Diese vier Karateka waren Manfred Grichnik, Werner Popp, Albrecht Pflüger und
Fritz Wendland.
Unvergeßlich sind die Freikampf- und
Selbstverteidigungsvorführungen der damals 28 bis 34 Jahre alten Instruktoren
vor einem großen Publikum bei der 2. Deutschen Meisterschaft am 9. April 1965
in der Stadthalle Bad Godesberg.
Nachdem Meister Shirai bereits bei dem ersten
deutschen Gasshuku 1974 in Kiel und dem Kata Special im Mai 2001 in Göttingen
unterrichtet hatte, machte er sein Versprechen von damals wahr und kam zum
Gasshuku 2005 nach Hannover.
Hiroshi Shirai wurde am 31. Juli 1937 in der Nähe
von Nagasaki geboren und erlebte den zweiten Atombombenabwurf am 9. August 1945
als achtjähriger Schüler.

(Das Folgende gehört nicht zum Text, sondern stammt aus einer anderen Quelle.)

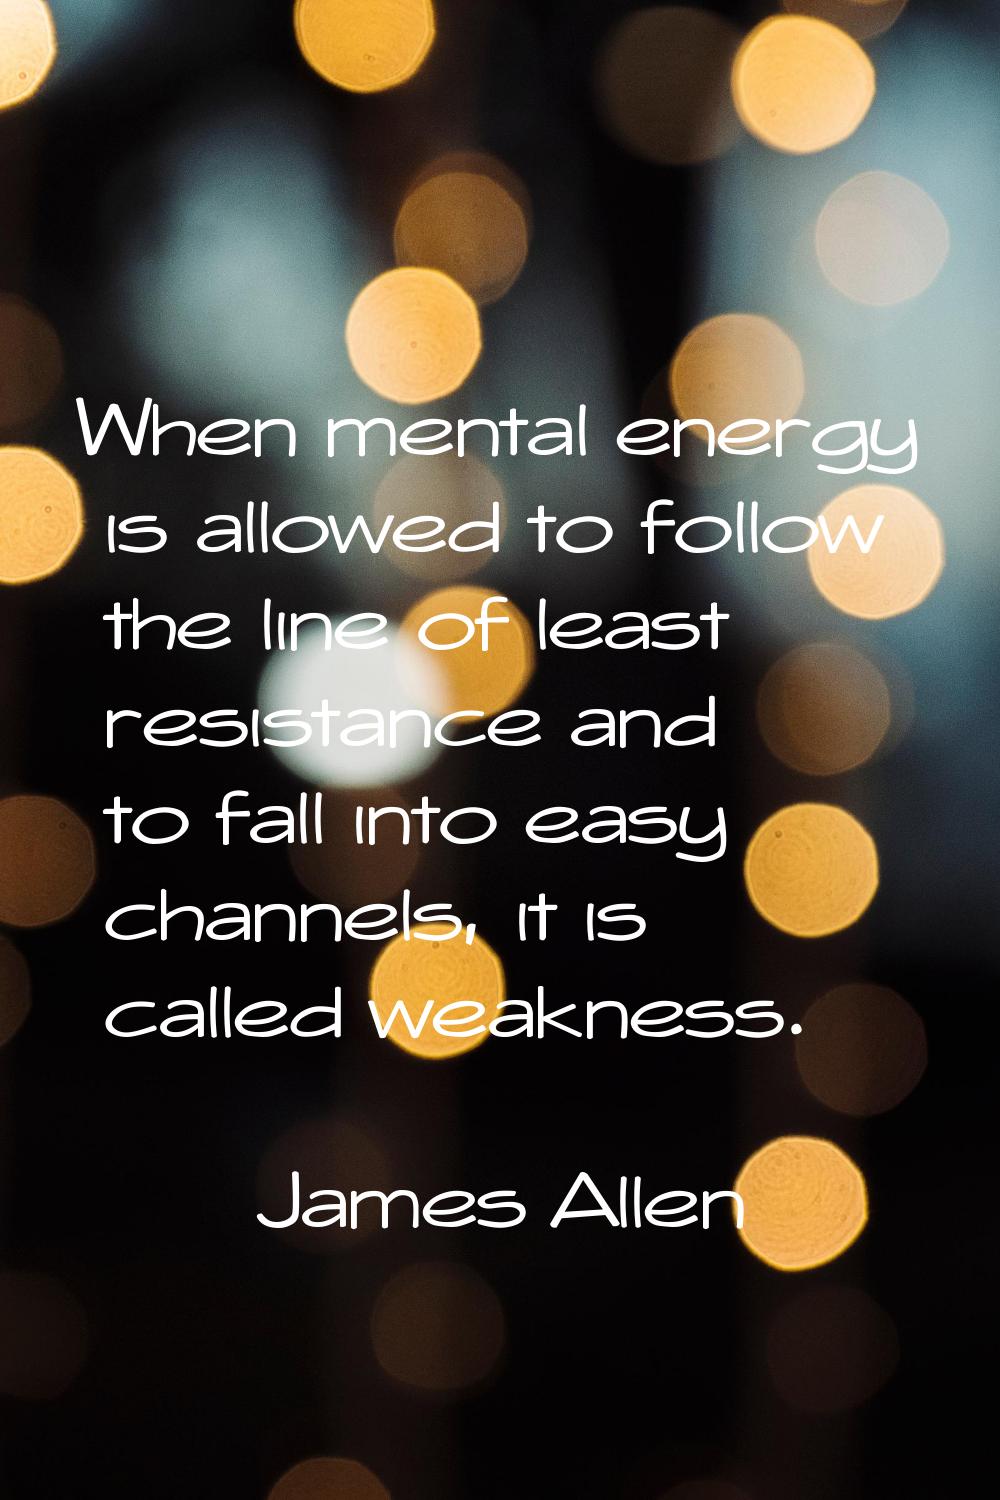 When mental energy is allowed to follow the line of least resistance and to fall into easy channels

Nach dem Abschluß der Highschool ging er 1955 zum
Studium der Geographie an die Komazawa-Universität nach Tokyo. Nachdem er an
der Highschool und im ersten Jahr an der Universität Leichtathletik betrieben
hatte, wandte er sich 1956 dem Karate zu. Ein wesentliches Motiv, sich dem
Karate zuzuwenden, war die Lebenseinstellung eines Onkels gewesen, der
Kendomeister war.
Hidetaka Nishiyama unterrichtete als erster Lehrer
den jungen Studenten im Karate. Der seit Jahrzehnten in den USA lebende
Nishiyama zählt bis heute zu den bekanntesten Karate-Instruktoren weltweit.
Nach dem Abschluß des Universitätsstudiums wechselte H. Shirai an das Honbu
Dojo der Japan Karate Association und begann die zweijährige Ausbildung in der
Instructor-Class, die er 1962 abschloß. Im gleichen Jahr gewann er die All
Japan JKA Karate Championships im Kumite- und Kata-Shiai (Grand Champion). Mit
dem Erwerb des Instructor-Diploms lehrte H. Shirai Karate an seiner ehemaligen
Universität Komazawa sowie am JKA Honbu-Dojo.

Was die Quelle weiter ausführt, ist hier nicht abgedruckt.